|M.Sc Student||Savion Orly|
|Subject||Iron Homeostasis in Cell Models for Intestinal Inflammation|
|Department||Department of Biotechnology and Food Engineering||Supervisor||Dr. Esther Meyron Holtz|
|Full Thesis text|
Crohn’s disease (CD) is an inflammatory bowel disease that causes transmural inflammation of the gastrointestinal mucosa and is often accompanied by anemia. Treating this anemia with oral iron supplementation is usually not well received and accumulation of reactive iron and elevated oxidative stress markers were found in the inflamed tissue of CD patients. In addition, in animal models of inflammatory bowel disease, iron supplements have aggravated the inflammation.
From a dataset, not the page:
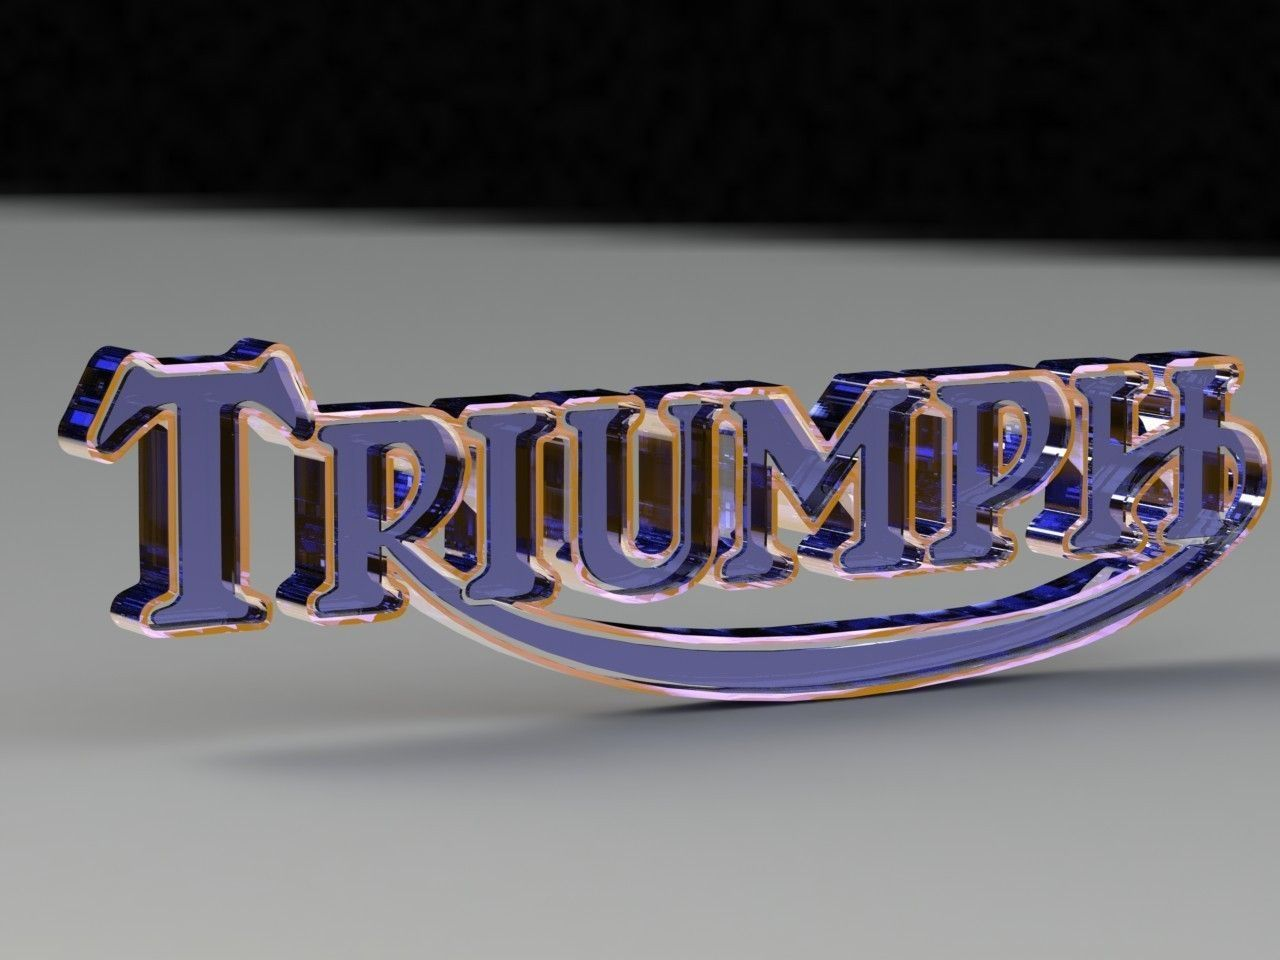 Triumph T Shirt >> 3D Triumph Logo free 3D Model 3D printable .stl .sldprt .sldasm .slddrw - CGTrader.com
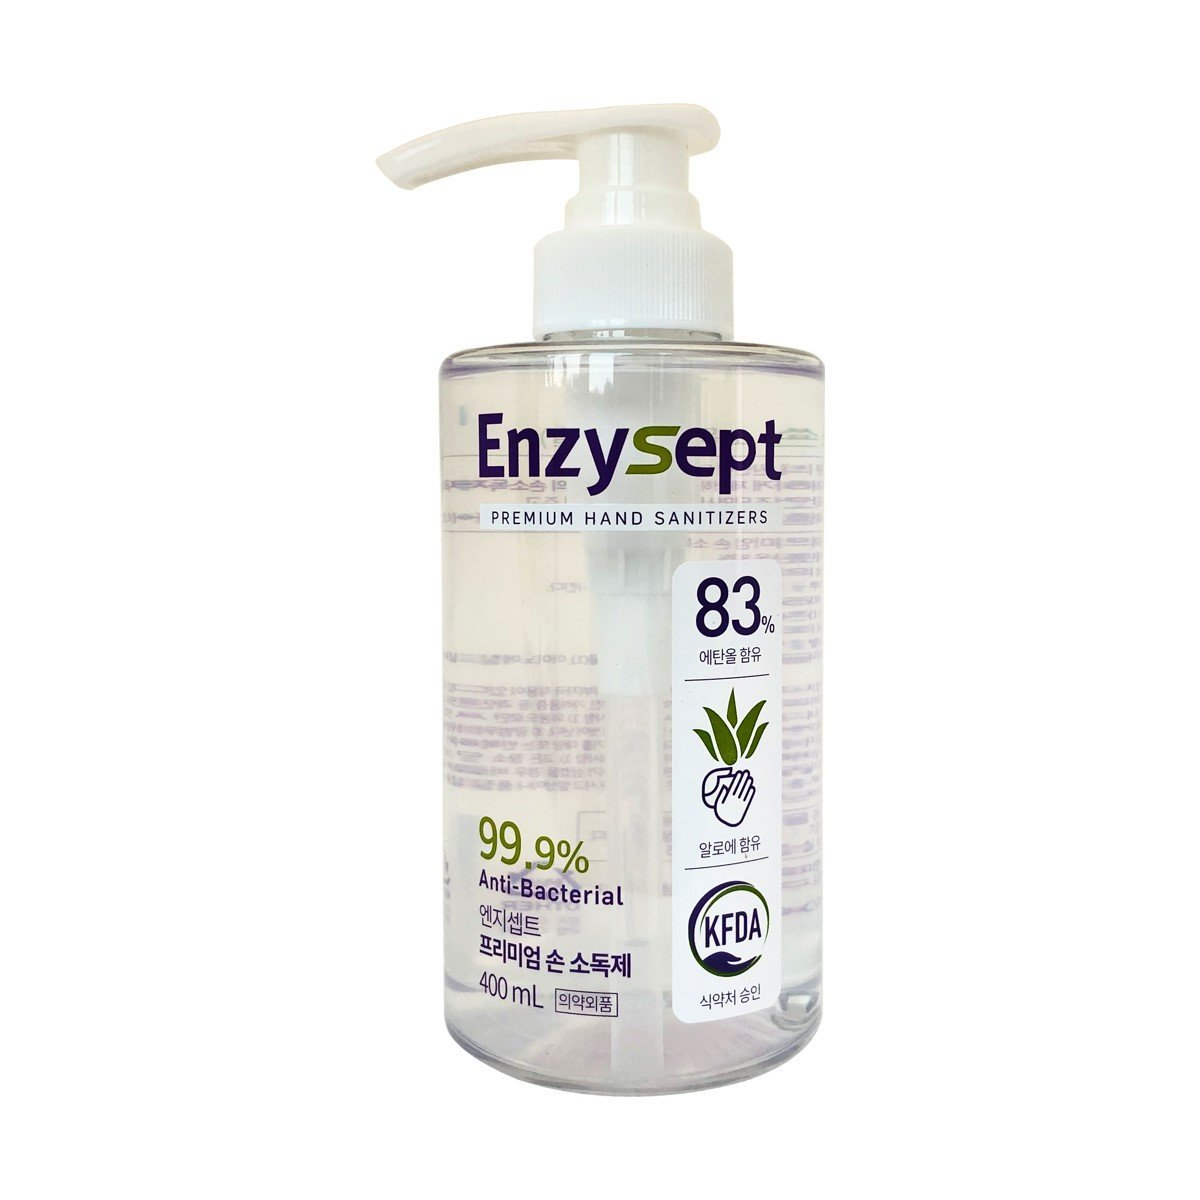 Enzysept 免沖洗酒精(83%)搓手液 (含蘆薈成份) 400ml

To determine the mechanism of iron accumulation in inflammation, we hypothesized that activation of the cytosolic iron regulatory protein (IRP) 1 generates upregulation of the iron importers transferrin receptor 1 (TfR) and divalent metal transporter 1 (DMT1) and downregulation of the iron storage protein ferritin. We therefore induced an inflammation condition in two types of cell-models: An intestinal human epithelial colon carcinoma cell line (Caco-2 cells) as a cell-type which represents intestinal epithelial cells, and bone marrow derived macrophages (BMDM) from wild type mice and from mice with targeted deletions of IRP1 (IRP1-/-) as a cell-type which represents the first line of the intestinal immune response.
Increased immune stimulation in CD mediates inducible nitric oxide synthase iNOS activation resulting in nitric oxide (NO) synthesis during inflammation. Therefore, in this study we decided to induce inflammation on Caco-2 cells by exposing cells directly to the NO donor, S-nitroso-N-acetylpenicillamine (SNAP).
SNAP treatment led to the induction of inflammation, evaluated by the elevation of an inflammation marker cyclooxygenase-2. Both cell models showed elevated IRP1-RNA binding activity after SNAP treatment, which led to iron homeostasis mis-regulation: In Caco-2 cells treated with SNAP iron importers TfR and DMT1 expression was increased, while iron exporter protein FPT levels were possibly decreased. In wild type BMDMs levels of the iron storage protein ferritin were decreased. These findings led us to the conclusion that reactive oxygen or nitrogen species, present during inflammation, activate IRP1 and deactivate IRP2, leading to a total increase of IRP-RNA binding activity and that this activation perturbs iron homeostasis and may causes an accumulation of reactive iron, which can add to the severity of the inflammation.
In contrast to wild type cells, BMDMs from IRP1-/- mice showed increased levels of ferritin expression after SNAP treatment compared to control, indicating the major contribution of IRP1 activation to the depression of Ft expression in the WT BMDMs.